Five Practical Steps For Fostering A Culture Of Innovation31 May, 2023 / Articles
Recommended article from Forbes
Innovation isn’t easy. By their nature, companies are designed to focus on the “here and now” of delivering their product or service effectively and keeping their customers satisfied. Whether that means making computers, managing construction projects or providing legal services, just maintaining the status quo without stumbling is a full-time pursuit.
How can companies balance that reality with the ever-present need to evolve, adapt, grow and look around the corner for what’s next?
There are, no doubt, innovations that arise from a sudden flash of genius or a happy accident. However, these examples are the exception rather than the rule. In reality, the organizations that consistently innovate to the benefit of their people, their customers and society at large are able to do so because of a very intentional, methodical and coordinated commitment to building a bona fide “culture of innovation”—a culture where innovation can thrive.
How do leaders create this kind of environment? Here are five practical tips for fostering a culture of innovation in your organization:
Clearly define what innovation means. Innovating sure sounds great, but do your employees even know what it means or how innovation might apply to them? Do they know what innovation looks like? Use the power of storytelling and real-life examples. (“Our legal process used to take eight days, and now it takes three. Here’s what we did, and here’s how it helped us save $500,000 annually.”) People will forget points in time and numbers. They will remember stories.
Lead by example. Leaders show their team what’s important by what they emphasize, measure and reward. What happens when a new idea fails? Do you pound your fist on the table? Don’t make your people afraid to fail. Similarly, how do you reward innovation? In my organization, our metrics measure the number of new ideas that we take to the business, how many were accepted, and how many of them became a part of our offering. These successful innovations must be recognized and rewarded, but so should the ideas that were ultimately not implemented. The best leaders also champion the concept of “constructive discontent.” This is the opposite of “if it ain’t broke, don’t fix it.” This is “if it ain’t broke, improve it.” The best companies are always striving to be better.
Develop relationships that build trust.
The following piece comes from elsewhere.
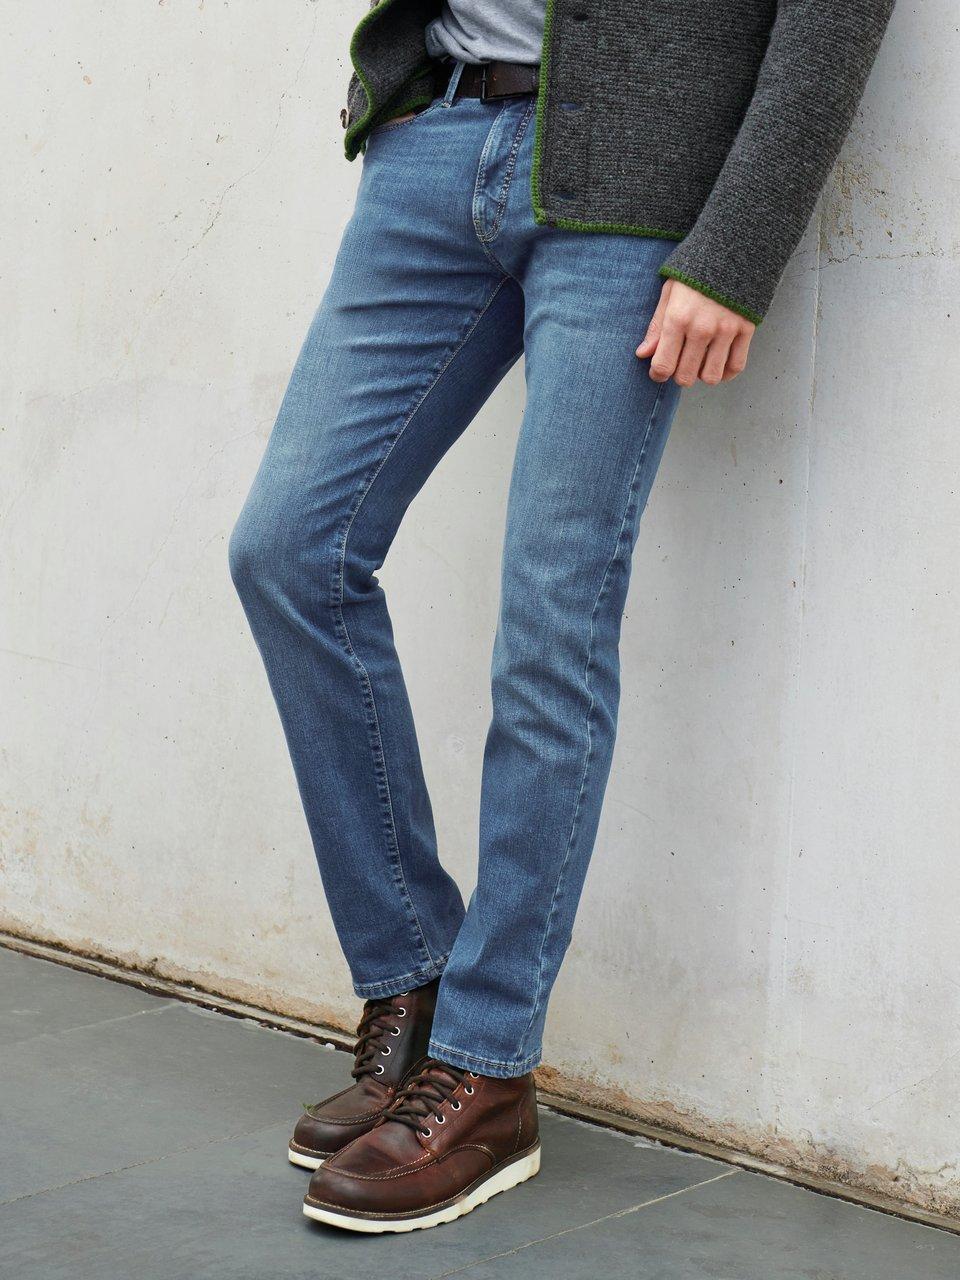 Kelder Soepel pit Pierre Cardin - Modern Fit-jeans model Lyon Tapered - blue-denim

Leaders who develop authentic relationships that are built on empathy, respect and caring can create a safe place for team members to raise their hands and challenge the status quo. Leaders also need the intellectual bravery to be direct in asking the kinds of tough questions that will generate “critical conversations.” Some of the best innovations I’ve seen have come about because a leader has had the courage (and self-confidence) to be vulnerable and say: “You’re the subject-matter expert. You know more about this than me. What am I missing? What would you change if you had a magic wand?” By the same token, if you ask those questions and don’t do anything about it, you’ve made things worse. If a leader ultimately determines that a certain idea shouldn’t be implemented, they also need to have the courage to be transparent and explain why.
Put your money where your mouth is. Set aside funding—and your team’s time—for innovation. Using the “70-20-10 model” is one effective approach. With this, 70% of funding is earmarked for running the business (the blocking and tackling) and chasing the ROI that you’re already aware of. Another 20% is focused on automation (“How can we do the things we do faster, less expensive and better?”). The remaining 10% should be focused on innovation. If you don’t set the time and money aside in this way, all you’ll do is run your business with your head down without looking up and looking forward.
“Diversity” means diverse perspectives and, in turn, diverse ideas. If your team members all share the same lived experiences, they’re likely to approach challenges and problem-solving with the same point of view. Teams that bring together people with a variety of different backgrounds and cultures are far more likely to identify differentiated, innovative and outside-of-the-box solutions.
Our success in building a culture of innovation has to be focused on never losing sight of being intentional, methodical and coordinated in our commitment to improvement. These practical steps I shared above can get your organization maturing into a “let’s improve it” mindset. Nurturing this mindset can then help ensure that innovation thrives and that employees have the confidence to ask tough questions and contribute to critical conversations—which will fuel your innovation culture.